Most of us use the start of the new year to take stock of the past 12 months and set goals for the upcoming year.
Changing longstanding habits or tackling tasks you’ve been putting off can feel overwhelming.
But there are a few relatively painless things you can do to help yourself get ahead in the new year.
While 2019 gave us the fallout of the Banking Royal Commission and big business scandals from wage theft to junk insurance, 2020 can be the year the balance tips back in your favour, Choice consumer advocate Jonathan Brown says.
Here is Choice’s checklist of five things you can do to improve your life in 2020:
1. Demand a better price
“Too many businesses take advantage of your loyalty by charging you outrageously high prices over time,” Mr Brown said.
Start by checking whether you’re too much for the essentials: internet and phone, energy, banking, and insurance.
In 2020, get on the phone and demand better from your service providers,” Mr Brown said.
“Even calling just one or two of these providers can save you hundreds of dollars.
While shopping around to find the best deal is vital, Mr Brown warned consumers to be wary of commercial comparison sites.
“Commercial comparison sites are there to collect commissions or drive sales to their parent companies,” he said.
“Government or non-profit comparisons might look less flashy, but they’re much more trustworthy. Make sure you get advice from groups that care about your interests, not sales.”
2. Consolidate your super
But it’s easier than ever to track down lost super and roll it into one acount, and it could end up saving you thousands by the time you retire.
“Consolidate your superannuation. You could be paying exorbitant amounts in fees and insurance you’ll never benefit from,” Mr Brown said.
The basic problem is that you may have more than one superannuation account and not even realise.
“The more superannuation accounts, the more fees and insurance you could be getting charged. MyGov and the Tax Office make it easy to consolidate your super into one account.”
“Pick one superannuation fund that meets your needs and stop paying double or even triple the fees.”
3. Health check your health insurance
Australia’s private health insurance industry is in crisis, with Australians dropping their cover at record rates.
The cost of private health insurance continues to rise despite the industry receiving billions of dollars in government subsidies, and consumers are increasingly sceptical of the system.
In 2019 it was revealed that private health insurance customers were being overcharged by funds offering expensive, second-tier policies that cost more than rival funds’ top-tier coverage.
In April the government introduced a new system of categorising health insurance, which they said would make it easier for consumers to choose the right product.
Under the new system, hospital insurance products are offered across four tiers – Gold, Silver, Bronze and Basic.
However, Mr Brown said the system has left consumers “more confused than ever”.
“First, check whether you’re one of many Australians who’s been tricked into paying for health insurance you don’t need,” he advised.
“Our quiz at DoINeedHealthInsurance.com.au tells you the truth about health insurance and tax.
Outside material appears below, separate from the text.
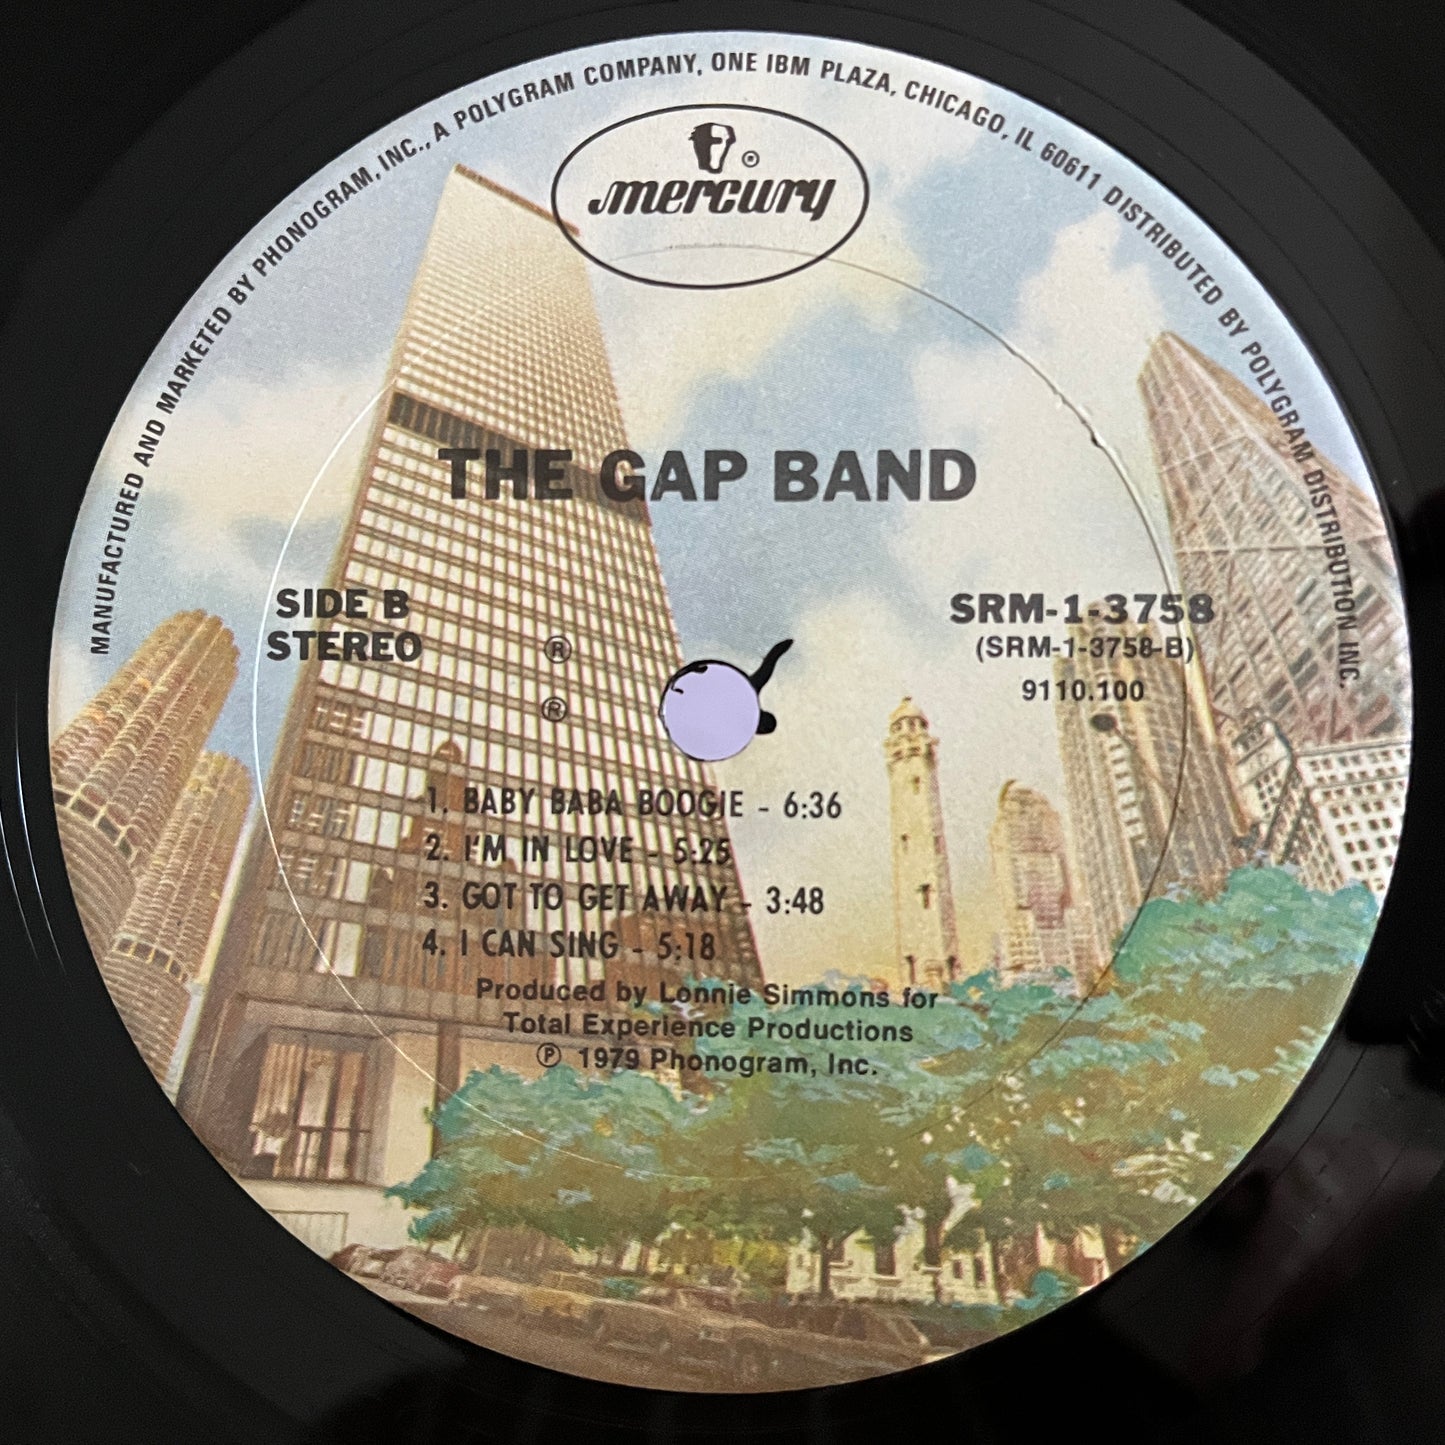 The Gap Band – The Gap Band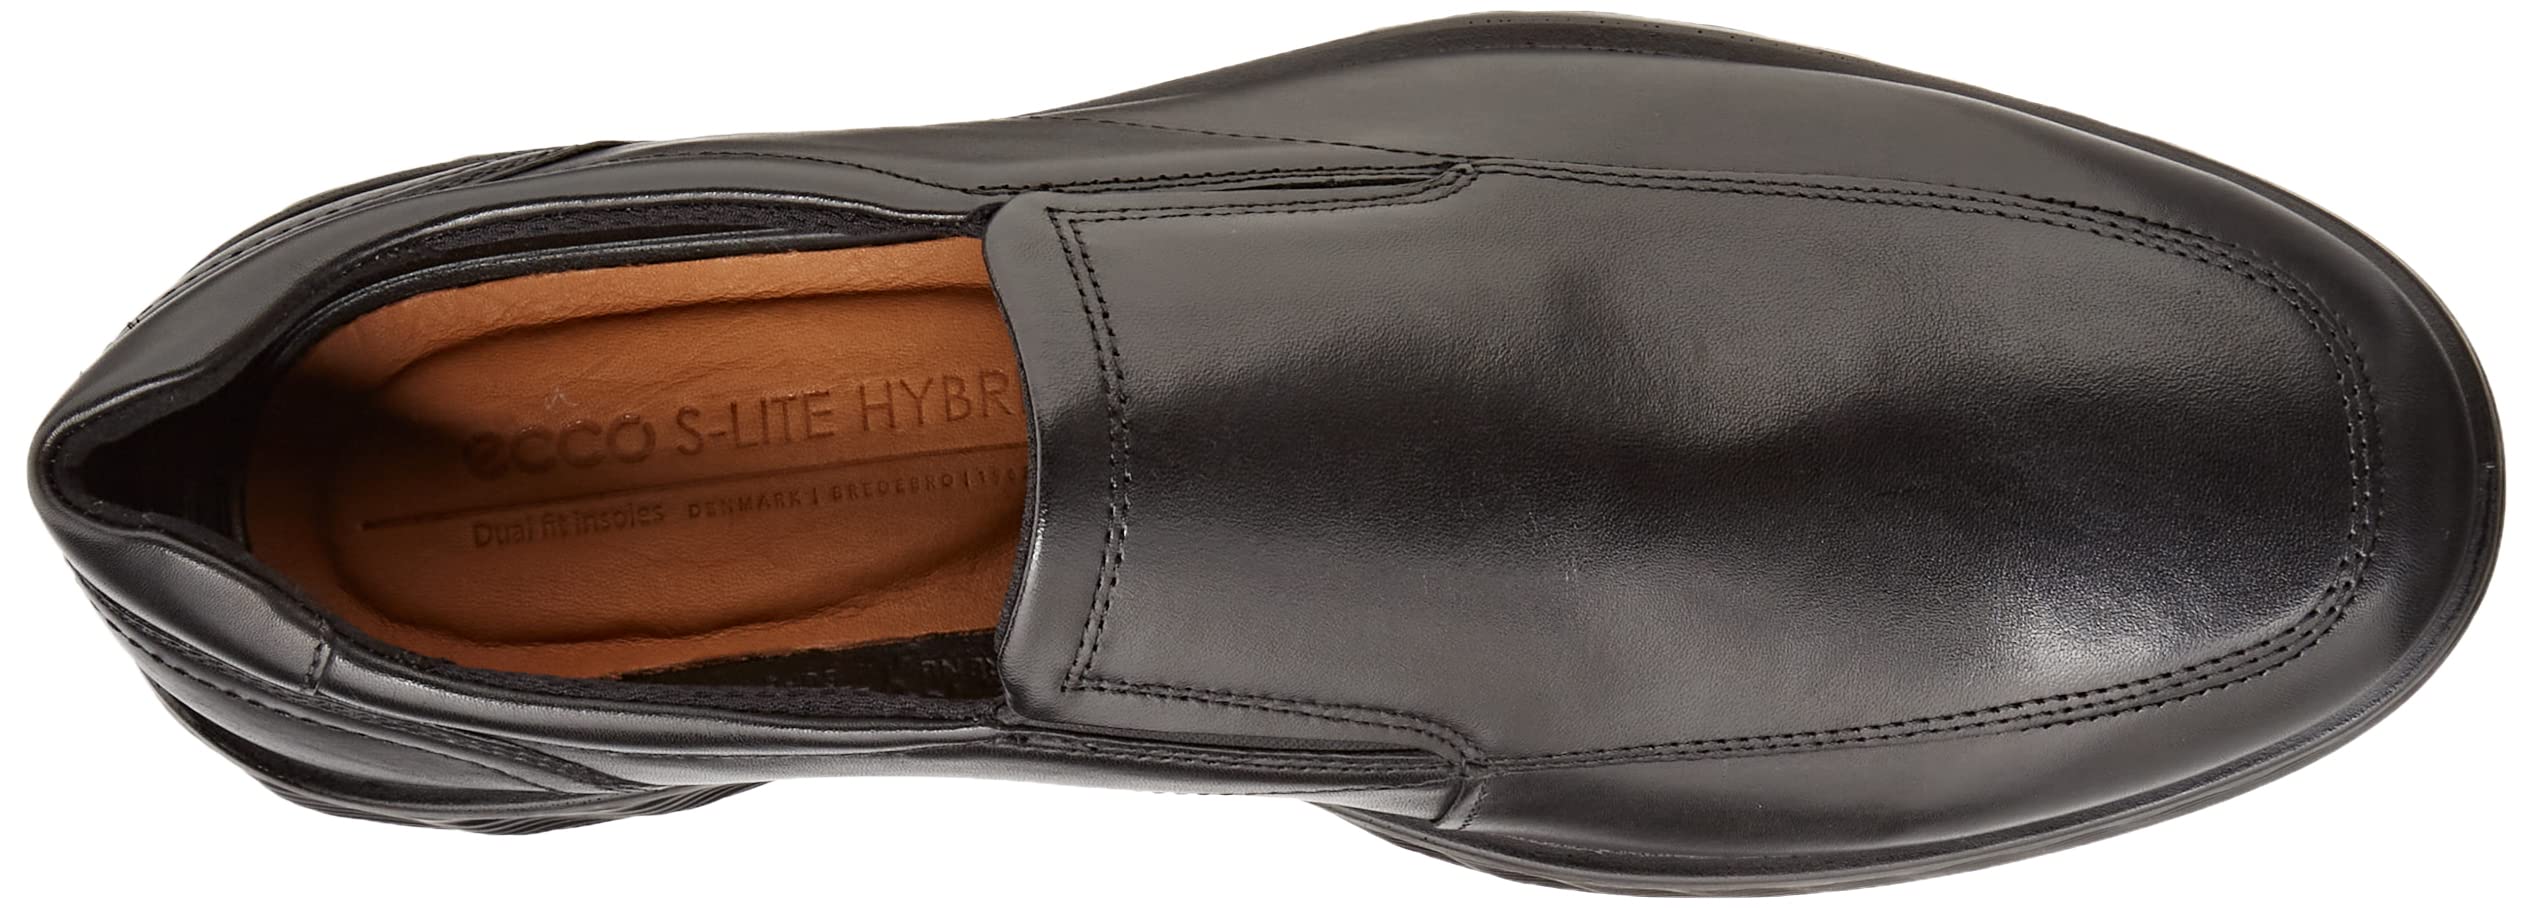 ECCO Men's S Lite Hybrid Apron Toe Slip on Loafer

Health insurance extras have no bearing on your tax and people on low incomes won’t save tax by having private health insurance.”
For those who do want or need private health cover, swapping health insurance providers can net big savings.
4. Stop wasting money cooling and heating your home
For many Australians, heating and cooling their home is one of the biggest expenses.
A quick trip to the hardware store can change that, Mr Brown said.
“An afternoon performing some basic home upgrades could save you from exorbitant cooling and heating bills throughout the year,” he said.
“Insulate, seal and shade – these are cost efficient ways to reduce your reliance on power sucking cooling and heating. Insulation alone can make your house up to 35 per cent cooler.”
5. Audit your pantry
Making smarter food choices is one of the best ways to improve your health, but many argue that vested interests in the food and drinks industry have rigged the labelling system to make it harder for consumers to make healthy choices.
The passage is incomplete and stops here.